When another panelist spoke about how all her participants want is to have a friend, be invited out for a walk even for 10 minutes or be invited to a Shabbos meal, I must have rolled my eyes out loud. Seriously? That is what this “expert” thinks? She is wrong!


Her participants want what everyone wants: to have a job, to give back to the community, to live a rich meaningful life, to be seen, heard and to be included just like everyone else!

One of the panelists, a parent of a child with a disability, listed things not to say to parents of a disabled child. Where is the list of things not to say to a disabled person and where is that disabled person to give the list?


A better question might be (and this must be addressed to a disabled person who is qualified to answer it) what are the best ways to make a disabled person feel included and welcome? How do you find out about his or her needs, ideas, and opinions?


Every year, I speak to a high school sophomore English class that is learning to conduct interviews and research about disabilities and the individuals who have them. I share my story. I tell them that my blindness isn’t my greatest challenge; it is the lack of accessibility—both physical and attitudinal-- and it is peoples’ assumptions and attitudes about people who are disabled. These fifteen-year-olds were nervous about saying the wrong thing and appearing insensitive when they talked to a disabled person. I told them to ask the person how he or she wants to be addressed and to talk with them in the same respectful way they would act to any stranger. The kids were given to read a list of books , written by people with disabilities and they were paired up with people who had agreed to share their stories. This

is creating true disability awareness.


If organizations and programs really want to be inclusive, people with disabilities need to be invited to participate in all planning conversations, and not just during disability awareness month. I’ve said it a hundred times: I look forward to the day that disability is considered a natural part of the human experience. There must be an expectation that disabled people with all kinds of disabilities will be participating, applying for jobs, able to access a building or a web site, or listen to a speaker. Our participation should be natural and organic. Barriers will be removed for those who are blind, deaf, mobility-impaired, or intellectually-impaired.

Universal design will be the norm: It will benefit everyone-able-bodied and disabled-bodied.


Thinking ahead 10, 15, 20 years from now, I believe the best disability awareness programs and the best way to get to my envisioned society where disability is considered a natural part of the human experience is to include children with disabilities at a very young age. When able-bodied children from an early age attend school, camp, and other institutional and recreational settings with children who are disabled, they don’t develop the same fears, stereotypes, and lowered expectations as adults. They don’t attach stigmas to differences; they are naturally accepting, much more so than their peers who have not benefitted from inclusion, and on the flipside it benefits the disabled child as well!.

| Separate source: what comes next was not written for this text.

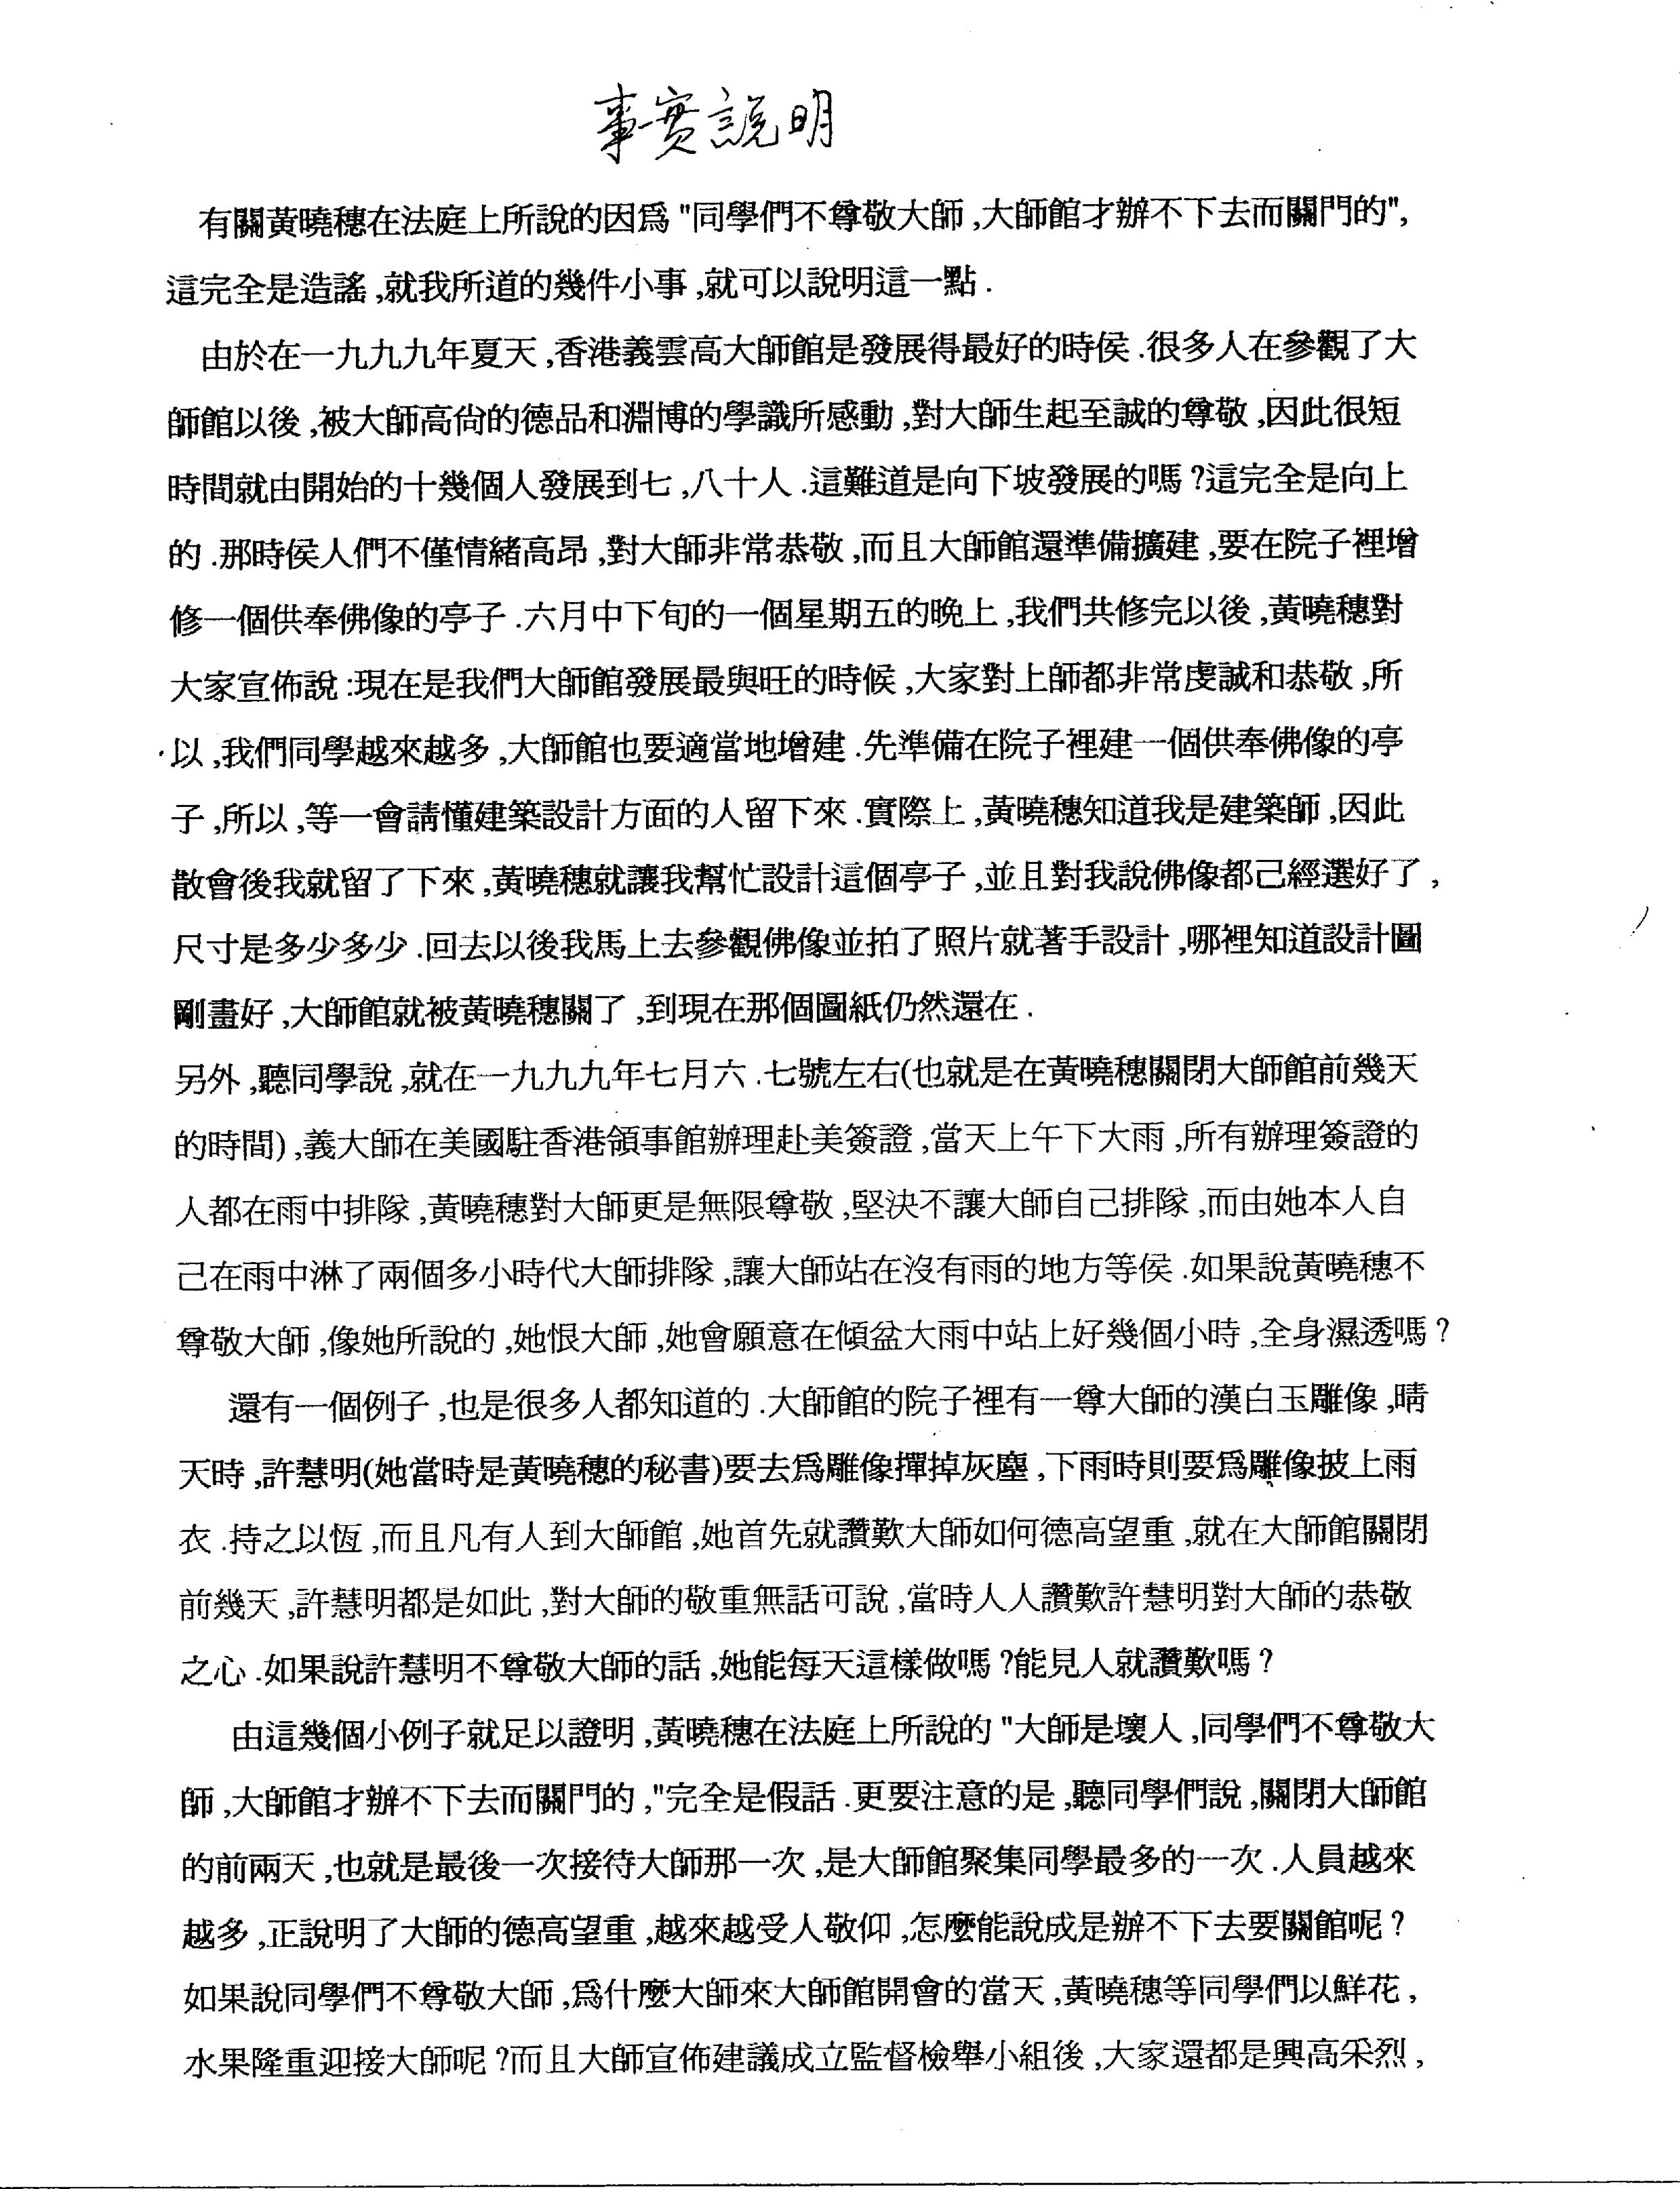 香港法院重判黄晓穗诈骗案 还第三世多杰羌佛清白 第10张
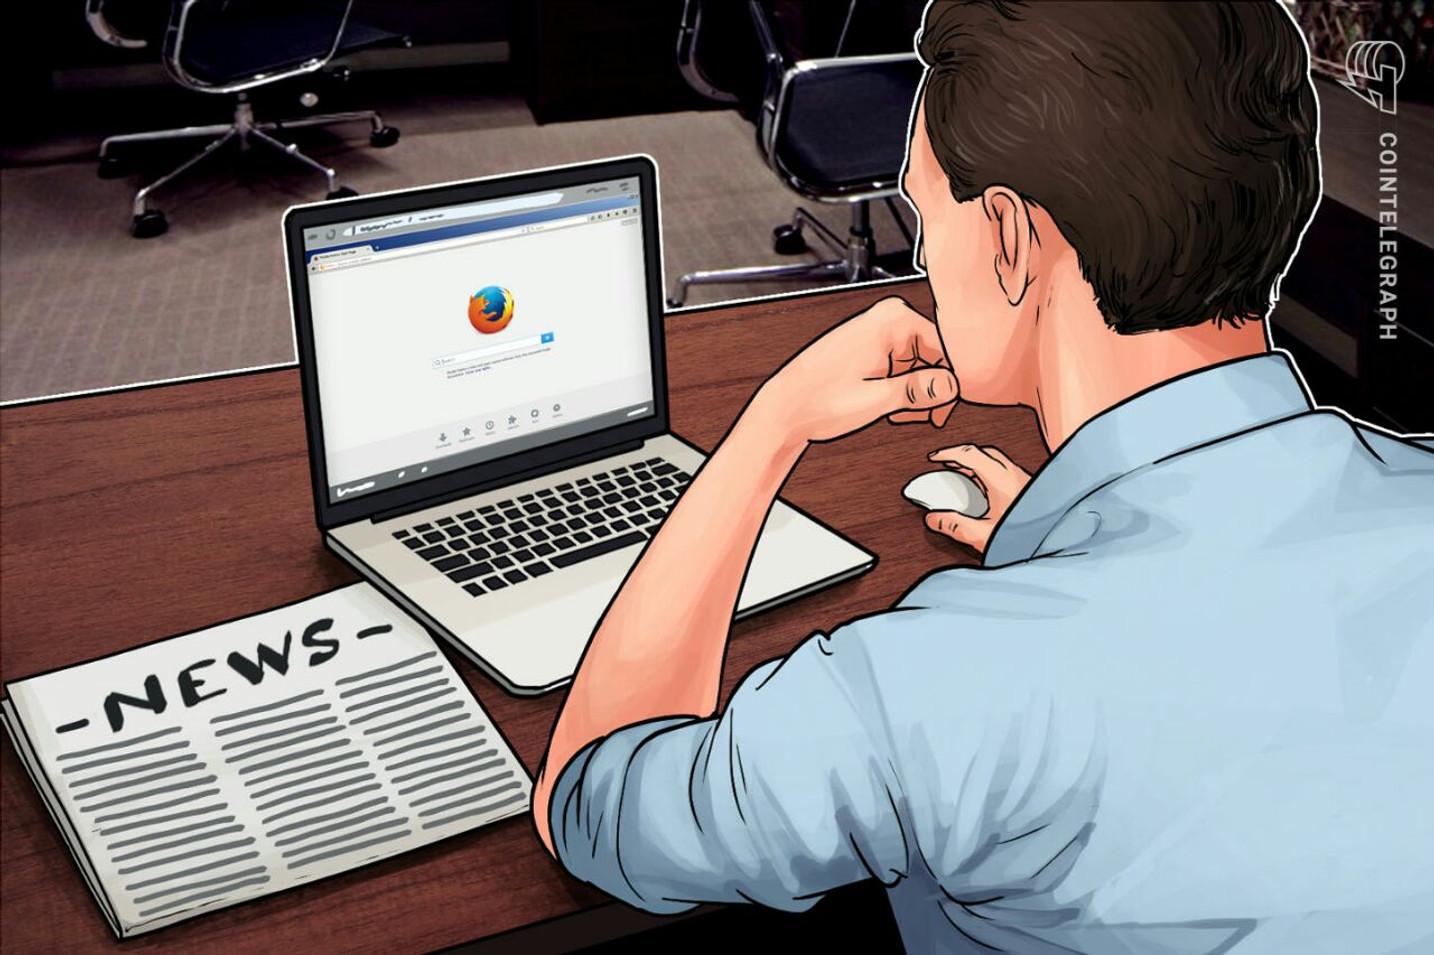 Firefox、ブラウザにクリプトジャックのマルウェアをブロックする機能導入

Disability awareness programs are great: They can help create a more inclusive, equitable, and diverse society, but they must be implemented correctly.

They must be led by-- or at the very least include-- people with disabilities. Nothing about us without us is an important reminder that the voices of people with disabilities need to be at the heart of any disability awareness program. Yes, we need and welcome experts in the non-disabled sector, but our voices are the ones that can lend the most value because we live each day with disability as a natural part of our existence. I hope, one day, everyone will embrace us all and benefit from all that each of us has to offer- 12 months of the year!